THE TASK
Reprint all of the data below exactly as shown and skip every image.

[SUPPLIED MATERIAL Boundary: Start]

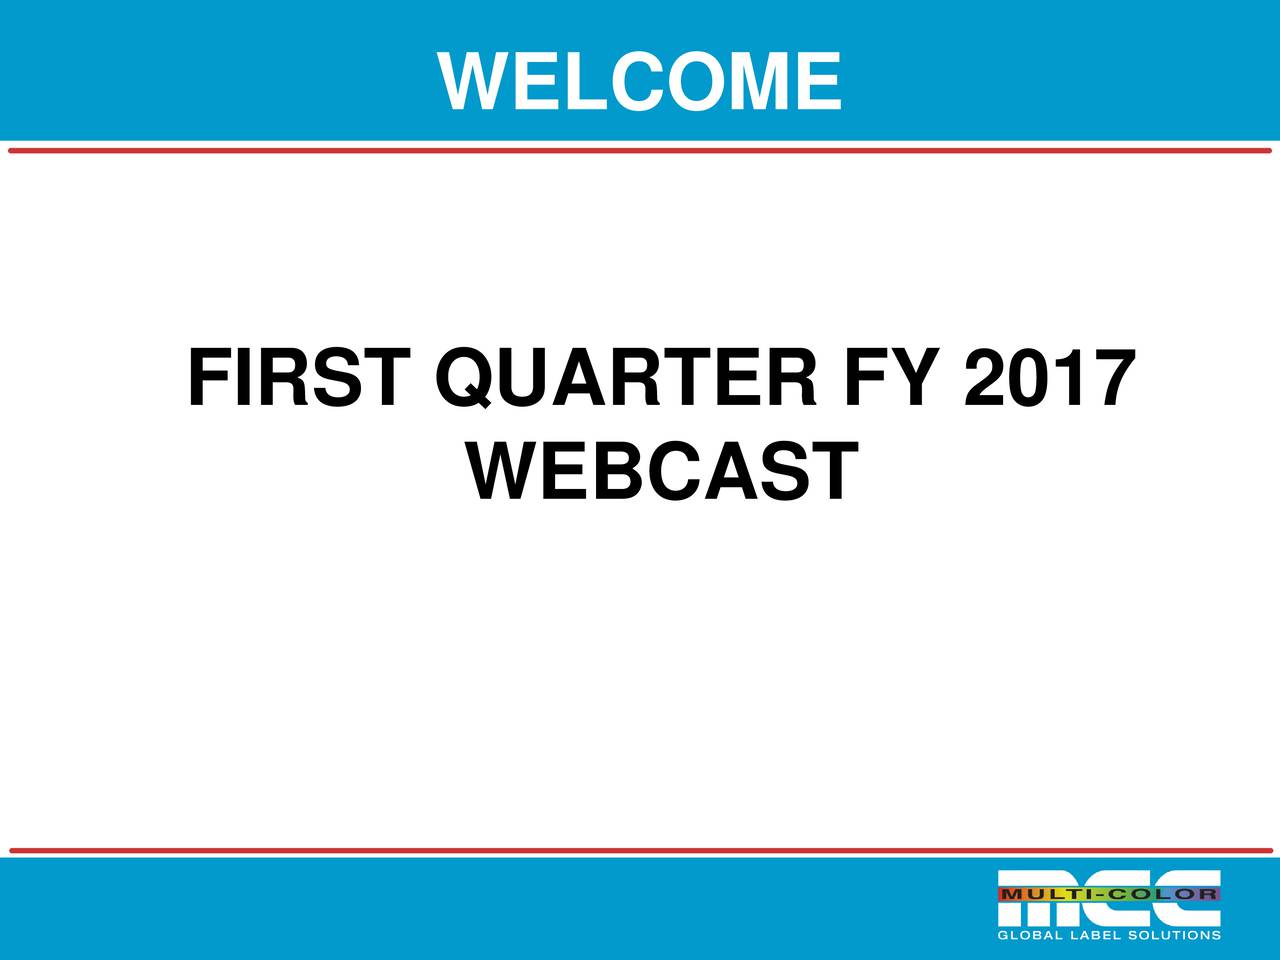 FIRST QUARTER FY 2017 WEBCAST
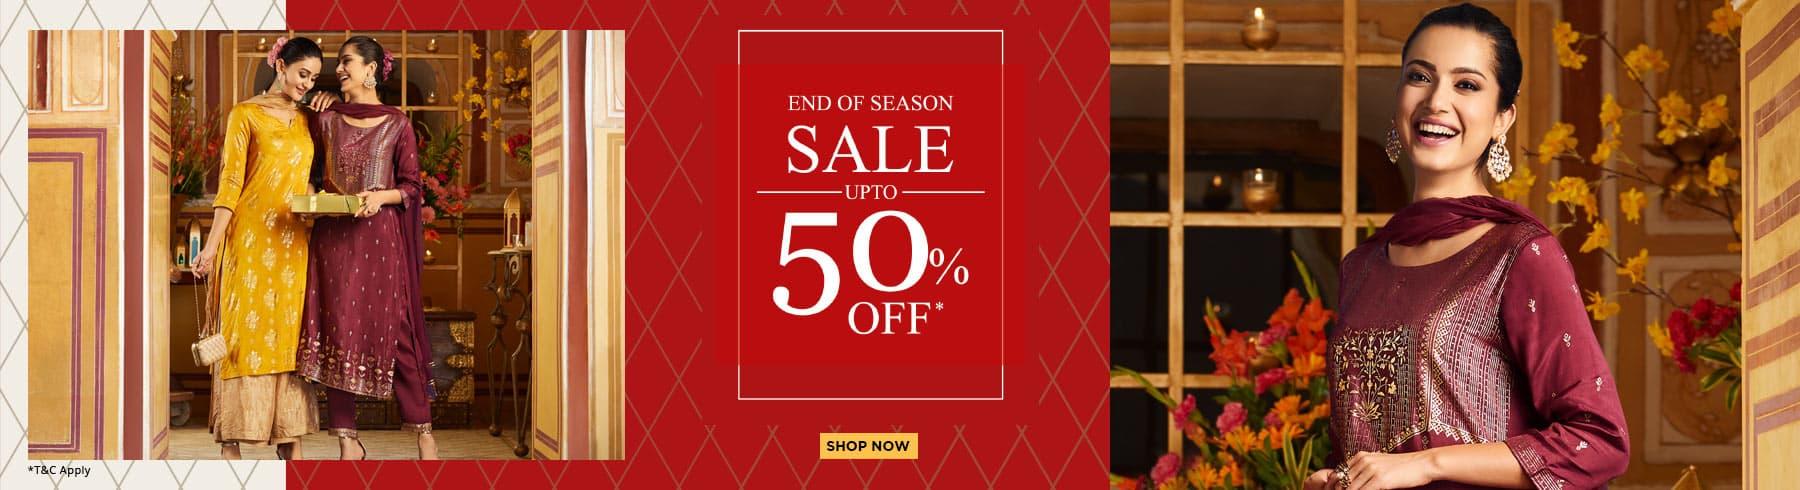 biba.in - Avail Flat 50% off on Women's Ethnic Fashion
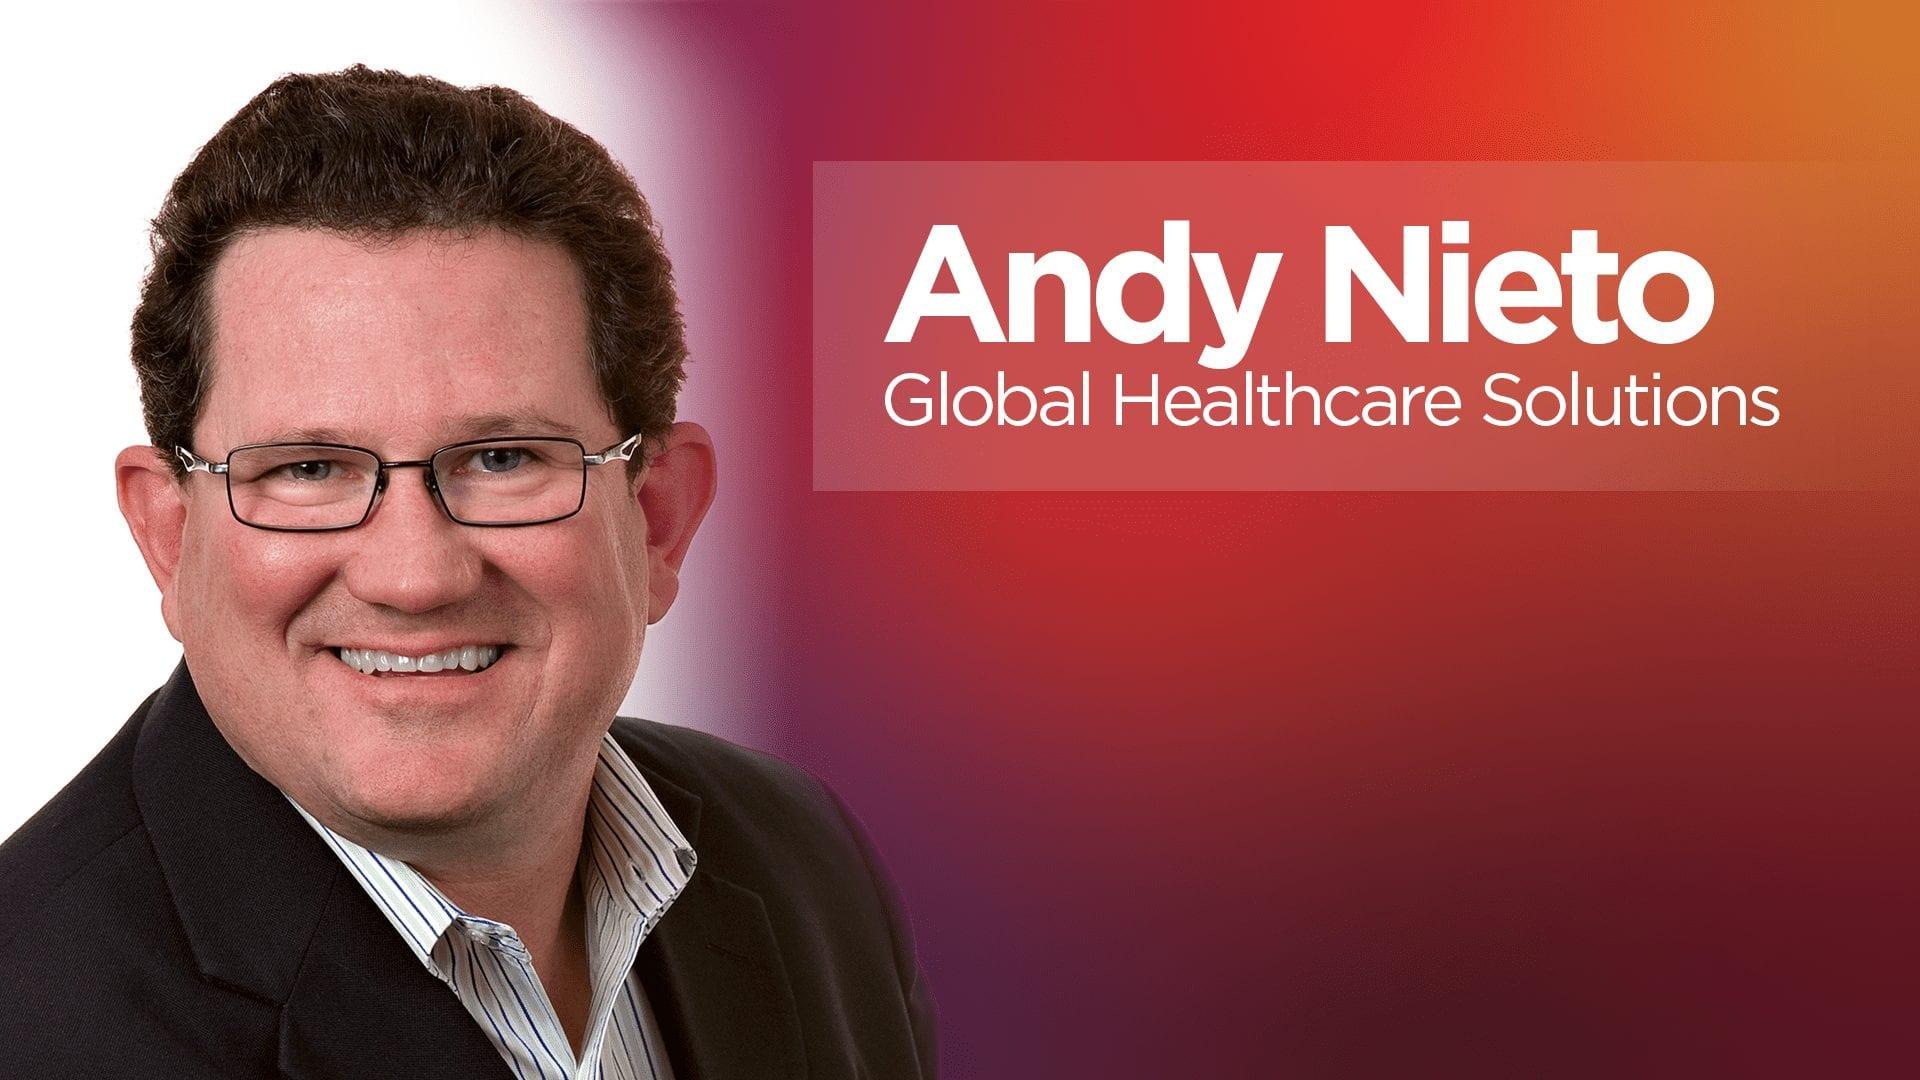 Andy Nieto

[SUPPLIED MATERIAL Boundary: End]

TASK OUTPUT
 FIRST QUARTER FY 2017 WEBCAST
 biba.in - Avail Flat 50% off on Women's Ethnic Fashion
 Andy Nieto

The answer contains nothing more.